I am struggling to see the difference here — Leontiskos
I think we're all on the same page, I'm just using the word "claim" instead of "assert", and also drafting the word "say", all three of which have considerable overlap in everyday speech.
Therefore I would prefer a distinction between a possessor of assertoric force which requires a speaker/asserter and one that does not. I thought J was saying, "This thing has assertoric force even before you pick it up and assert it." — Leontiskos
The key difference is affirming a claim – that is, a statement -- rather than making your own statement about how the world is. — J
Some points I'm mulling:
(1) We have to decide something about locutions like "This sentence claims ..." or "This sign says ..." and so on. I consider it a live option to take them at face-value. It is more common to treat this as a manner of speaking, perhaps glossing "The sign says we have stop" as "If a person were to speak the word printed on the sign, she would be saying that we have to stop," on the smarty-pants grounds that signs don't talk and to say otherwise is anthropomorphizing them. You can also say that they are said to "speak" by courtesy, or argue directly that either an artifact or an abstract object like a proposition, as it were, "borrows" our ability to mean things, that we, as it were, "lend" them our ability to mean things --- as if to say a stop sign is a sort of ghostly police officer, and he has imbued the sign with his spirit.
(2) There's a little bit of a puzzle about the "affirming" language, because it makes asserting sound like it has an extra step, so that it strongly resembles indirect discourse. As if a person making an assertion were "channeling" a spirit guide: there's an internalized claim presented, which you speak on Ephraim's behalf, and by so speaking endorse it.

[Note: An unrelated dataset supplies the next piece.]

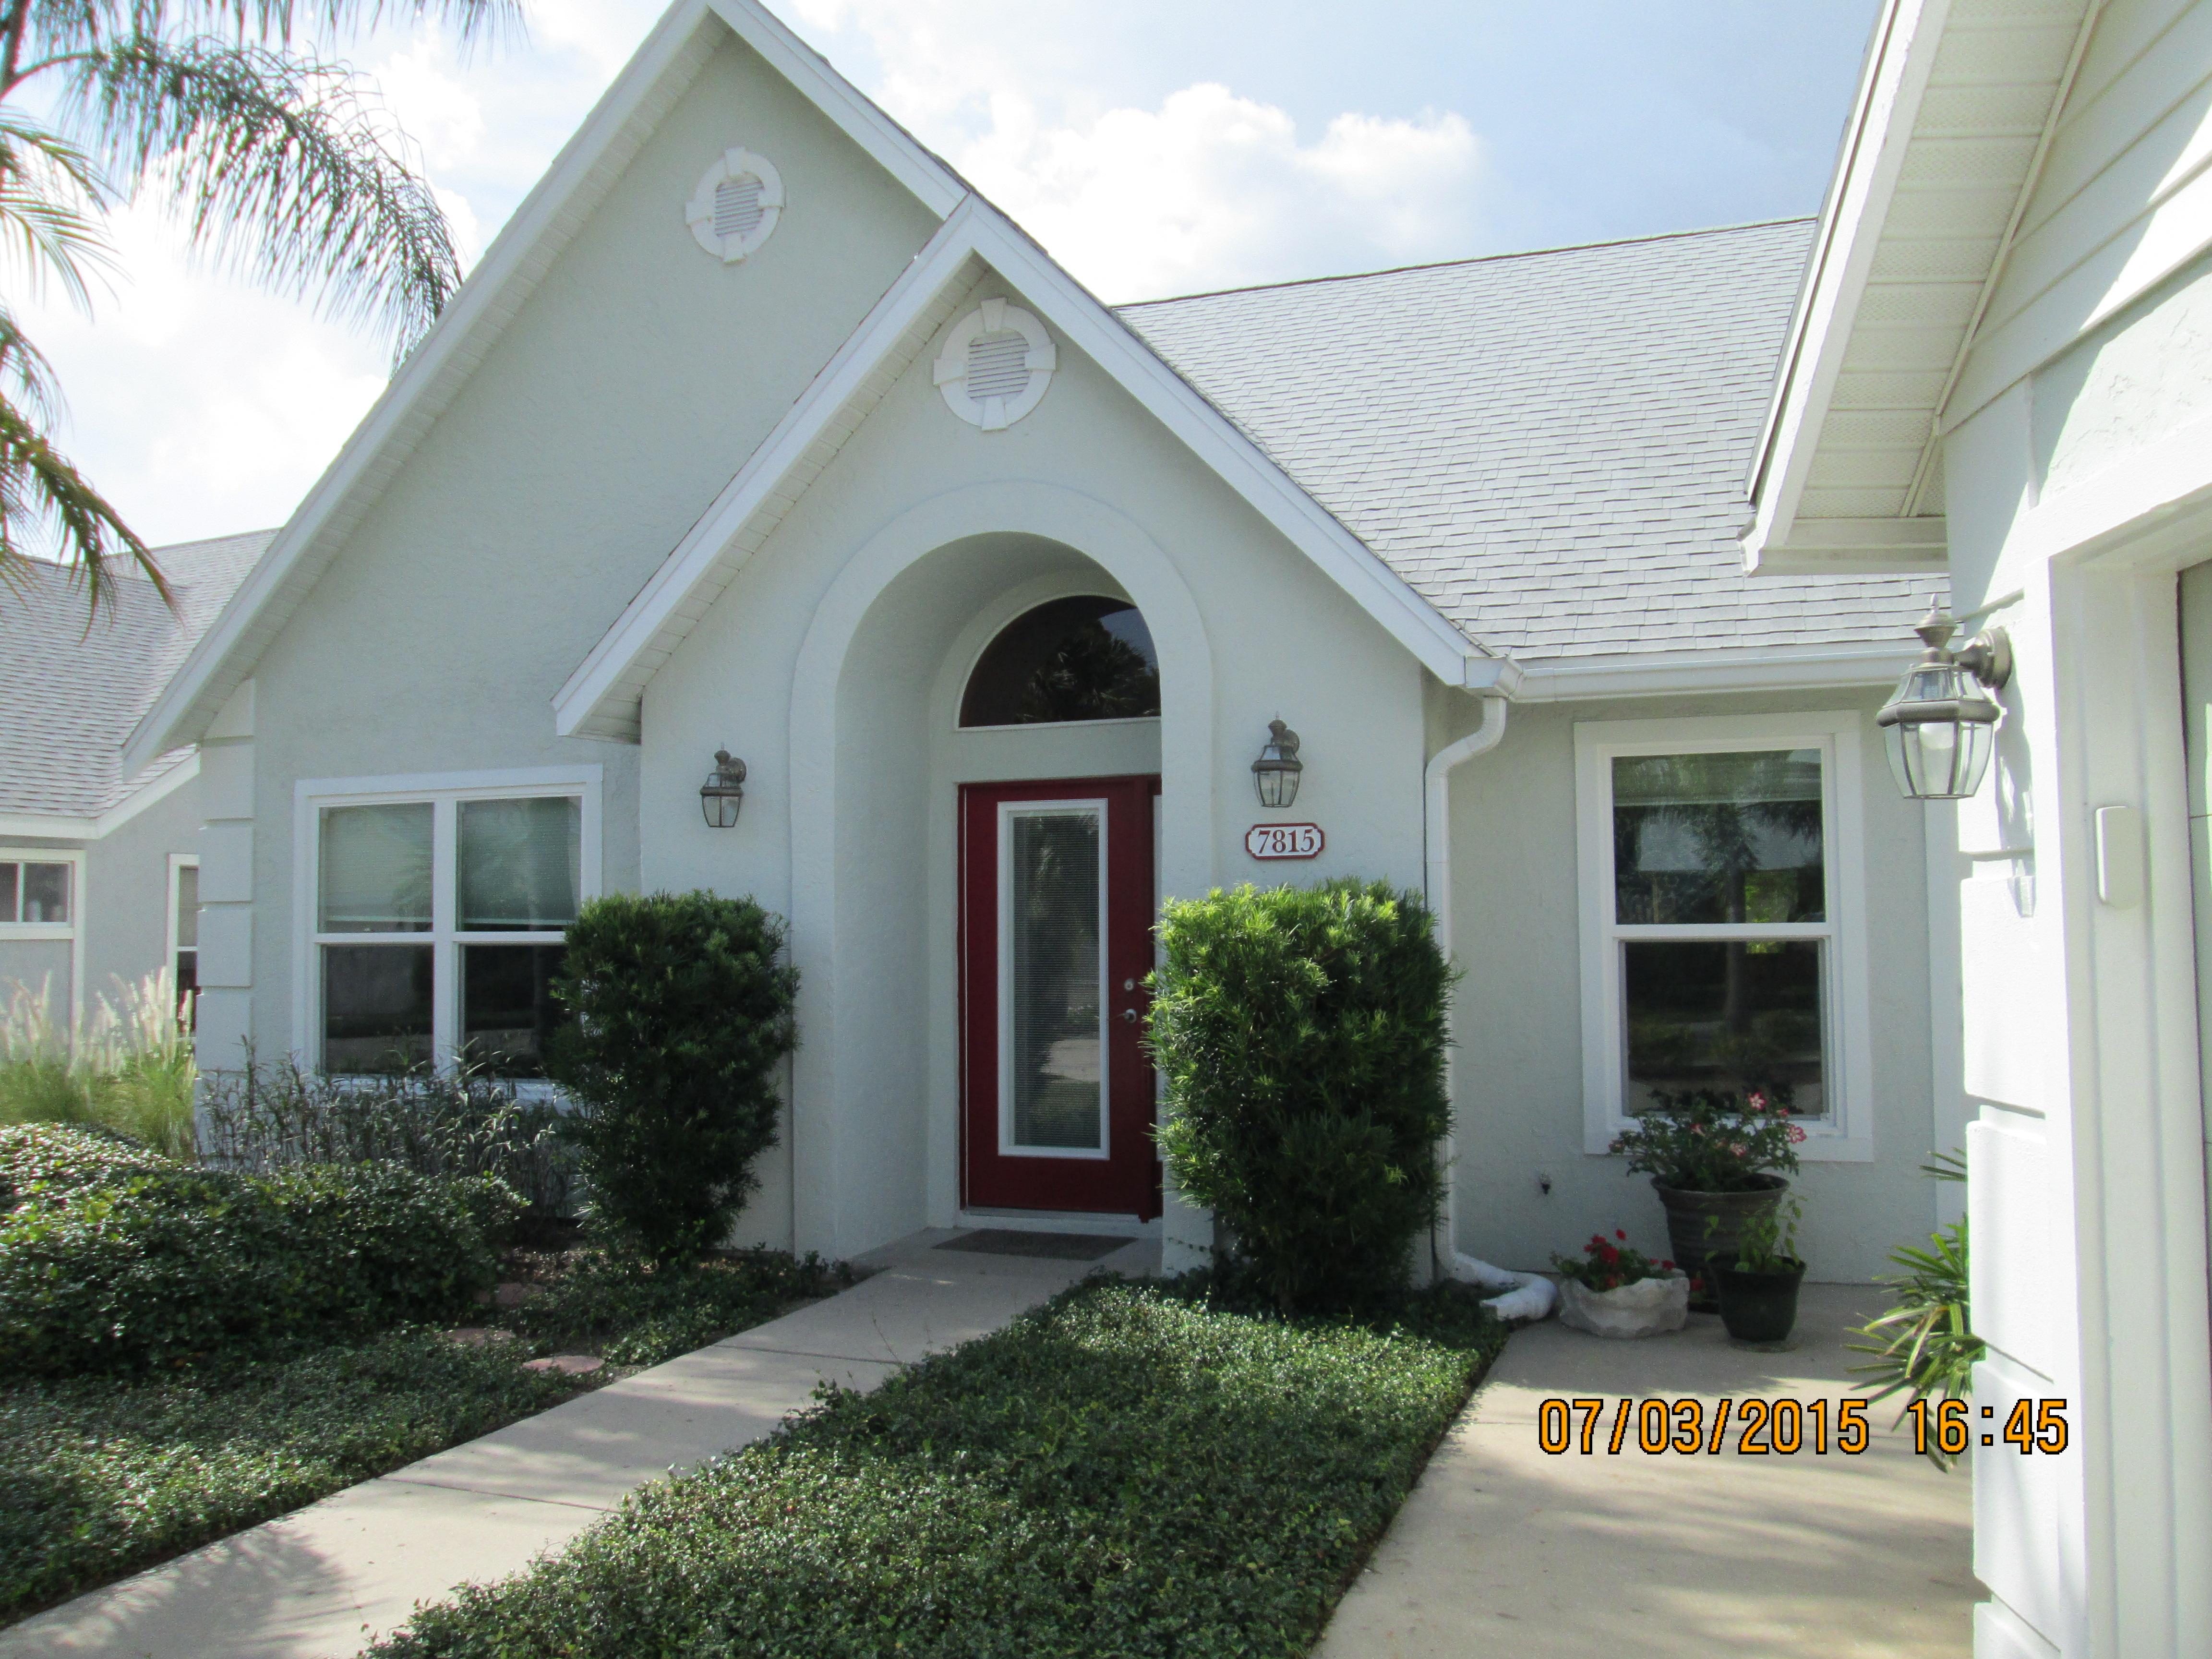 7815 Ontario St Cir, Sarasota, FL  34243

((3) And here I'll note that this pattern is reminiscent of the prosentential theory of truth, as well as other deflationary theories of truth such as Ramsey and Wittgenstein appeared to hold, such that the use of "... is true" is primarily to endorse what someone else has said.)
(4)
@Leontiskos seems almost to suggest that statements have a sort of hole in them, like Frege's functions, waiting for an agent to be inserted and complete the assertion. But we need more than an agent, we need an actual utterance (even if internal), and then we're faced with the problem of intention as well --- some of that context will take care (I'm acting in a play), but some it won't (I was just saying what he wanted to hear).
(5) We have to decide --- (4) mentions some of this --- what we want to count as an assertion. Is it fully disambiguated? Are indexicals all resolved? Is the assertion the statement itself, or the claim in the context and at the time it was made? (Is an assertion an event?) ---- Several of these issues do not arise for the language of mathematics, which is entirely tenseless, to start with, requires no speakers or audience, has no sensitivity to context, etc.
(6) And, finally I guess, what about the social aspect of assertion? We generally think of making an assertion as incurring an obligation to stand by it, perhaps to provide justification, to license others to rely upon it, and so forth. There are pragmatic maxims such as "Do not say what you do not have good evidence for" (Grice) or "Do not say what you do not know" (Williamson). It's easy to talk about all this if assertion is entirely external to the "content" of the statement asserted, but goes wobbly if you want to push some of that into the sentence itself.